Applying the same structural analysis to our DFG-out models, both DFGmodel and MODBASE models have an average TM-Score above 0.85, which indicates a high probability of the same topology and fold,34 with models generated by DFGmodel score being slightly better than MODBASE models (Table 1). The DFGmodel models also have lower full domain RMSD (1.49 Å) than MODBASE models (1.79 Å) (Tables 1, S7, and S8). Notably, the RMSDs of the model-to-crystal comparison are only marginally higher than those of the crystal-to-crystal comparison. At the subdomain level, the DFGmodel models have RMSDs slightly higher than the corresponding RMSDs in crystal-to-crystal comparison. For example, the RMSD of the N-lobe is usually slightly higher (1.42 Å), probably due to the intrinsically flexible loops that frequently found in this subdomain.
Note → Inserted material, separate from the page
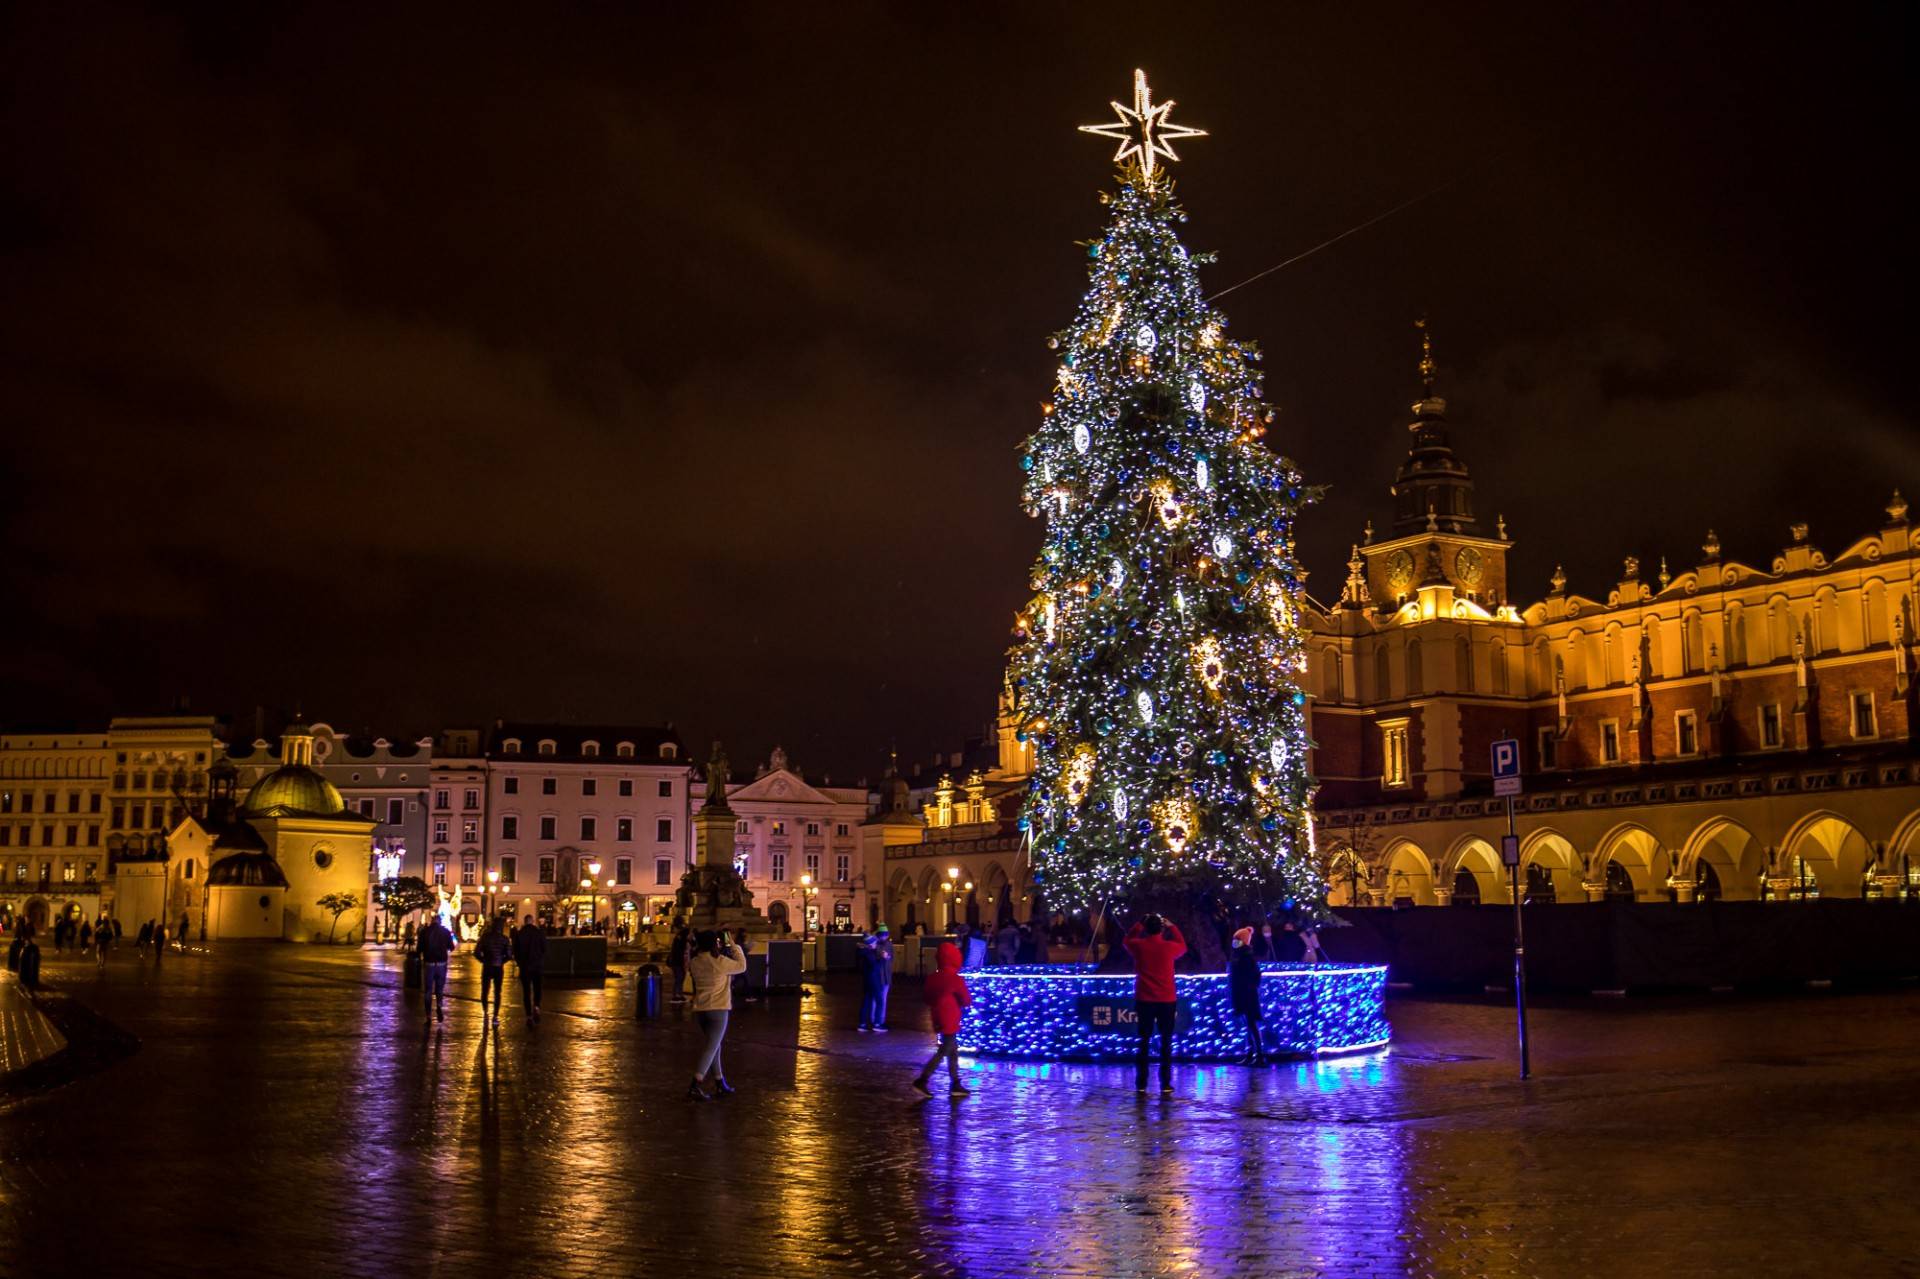 W Krakowie czuć już nastrój świąt. Rozbłysły świąteczne iluminacje

In summary, DFGmodel models are more accurate than MODBASE models, likely because they capture the rigid body movement of the lobes observed in the DFG-out structures.
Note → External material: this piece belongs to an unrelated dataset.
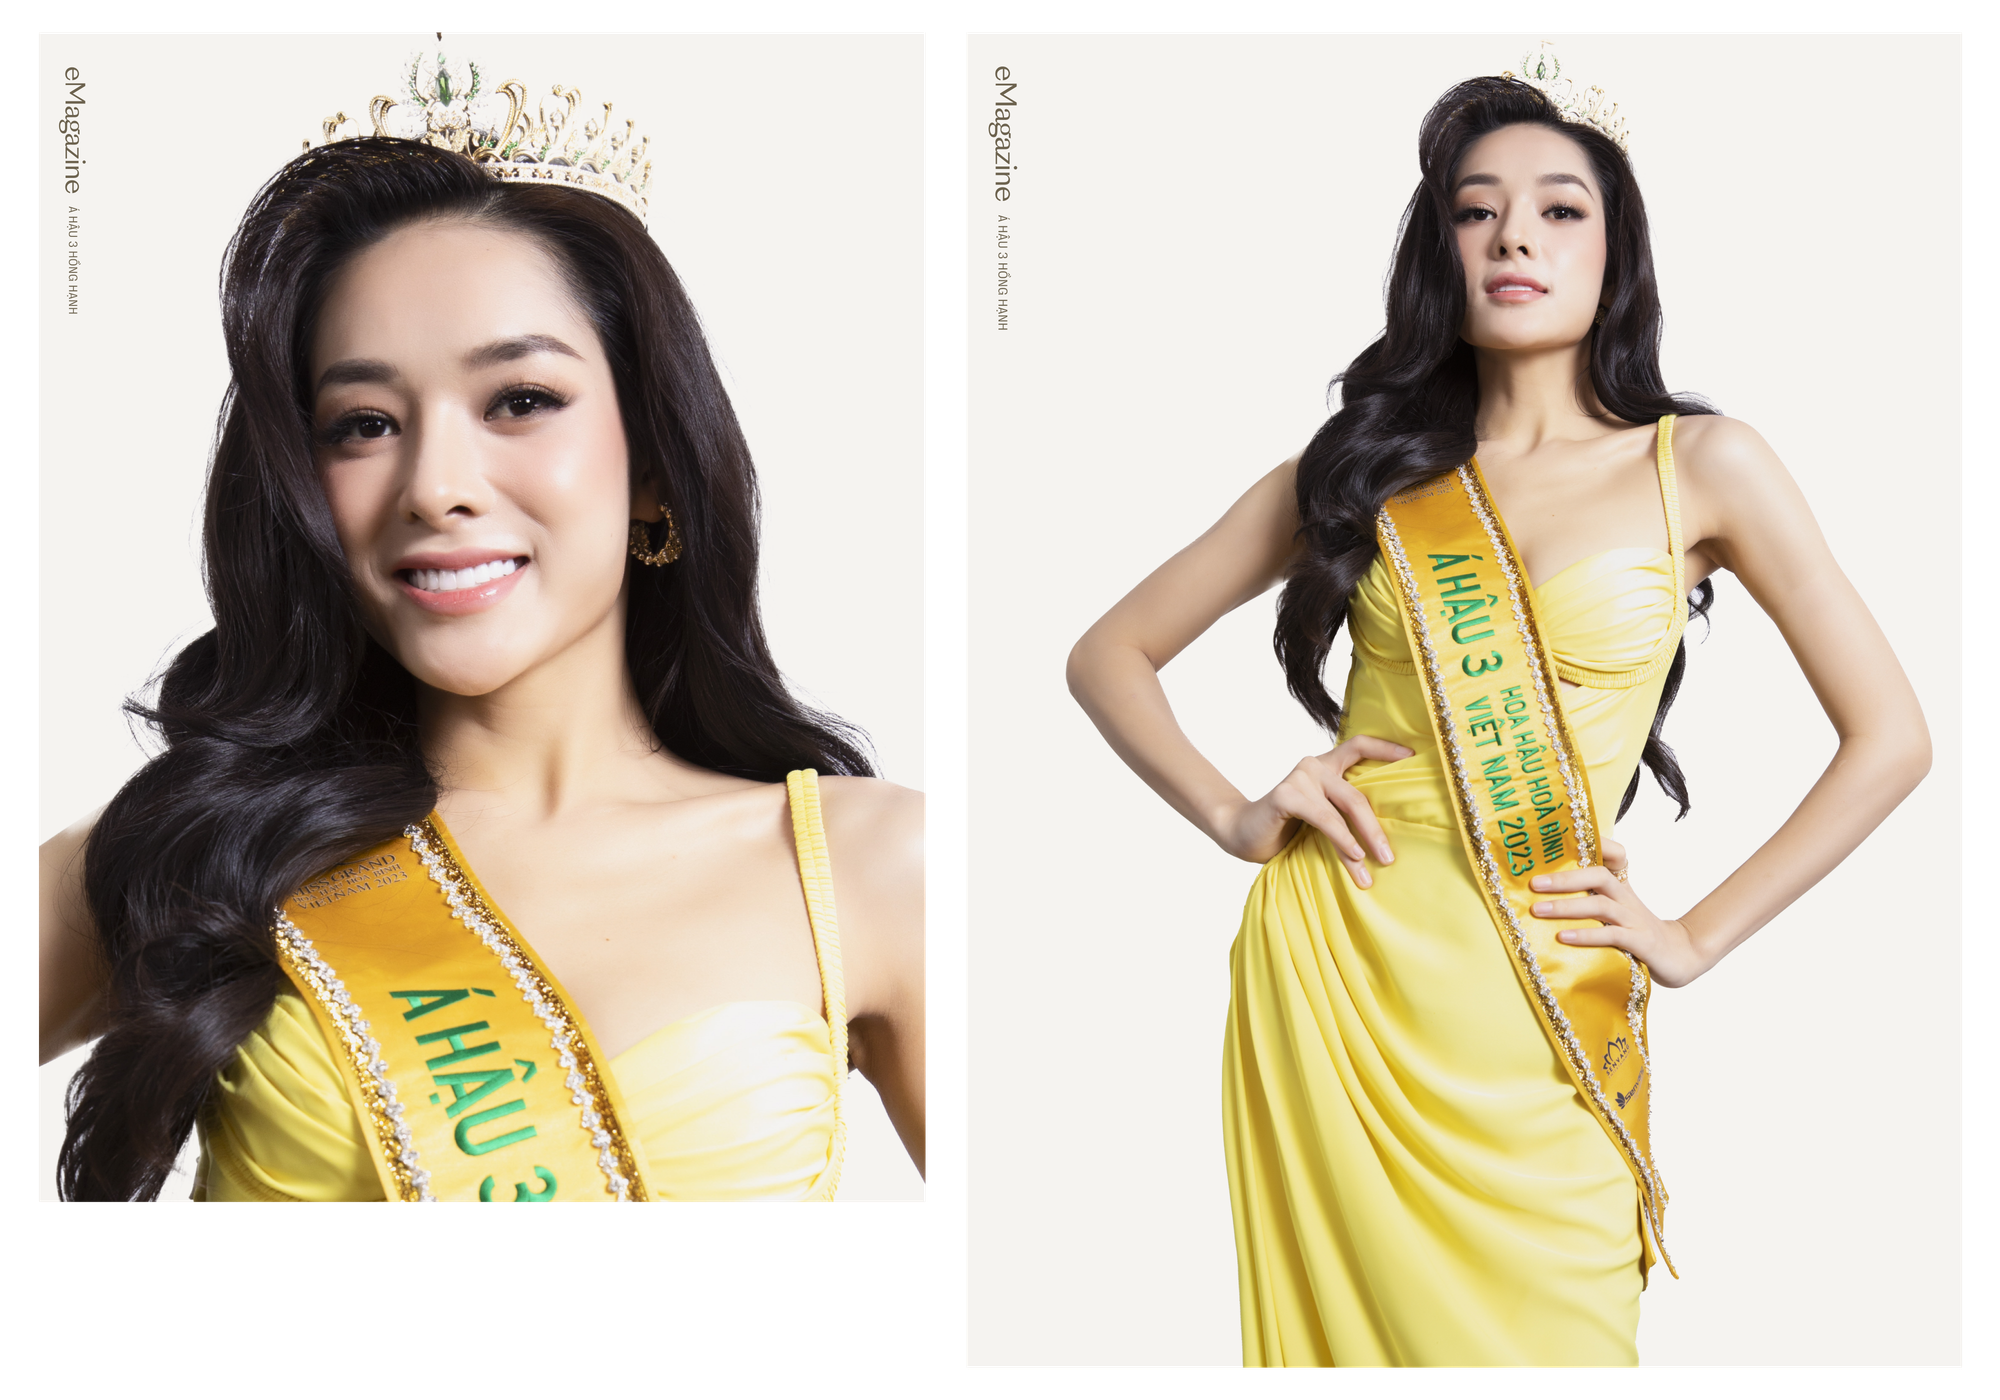 Lê Hoàng Phương phải trở thành một đại diện đầy tự hào tại Miss Grand International chứ không có sự tiếc nuối nào cả! - Ảnh 36.

DFG-Out Models Distinguish Type-II Inhibitors from Other Molecules
Because Z-DOPE, TM-Score, and RMSD assess the overall quality of the structure, they are not optimal for selecting the best models for virtual screening.35 Therefore, to evaluate whether the DFG-out models are suitable for virtual screening, we examined how well the models distinguish between type-II kinase inhibitors and non-type-II inhibitors (e.g., type-I inhibitors). Our test set included S/T- and Y-kinases representing distinct branches of the kinome tree (Table 2). To examine the potential utility of the DFGmodel-generated models for structure-based studies such as structure-based drug design36 and virtual screening,37 models with larger binding site volume were selected for enrichment evaluation with a data set of type-II ligands (Methods). Specifically, we used the enrichment plot to derive the area under the curve (AUC) and the logarithmic scale of the enrichment plot (logAUC) values that evaluate the enrichment of type-II inhibitors.35,38 Three case studies are presented: first with kinases with DFG-out structures to demonstrate that our models are comparable to known DFG-out crystal structures, followed by two case studies with kinases that do not have a DFG-out crystal structure to illustrate the potential real-world applicability of DFGmodel.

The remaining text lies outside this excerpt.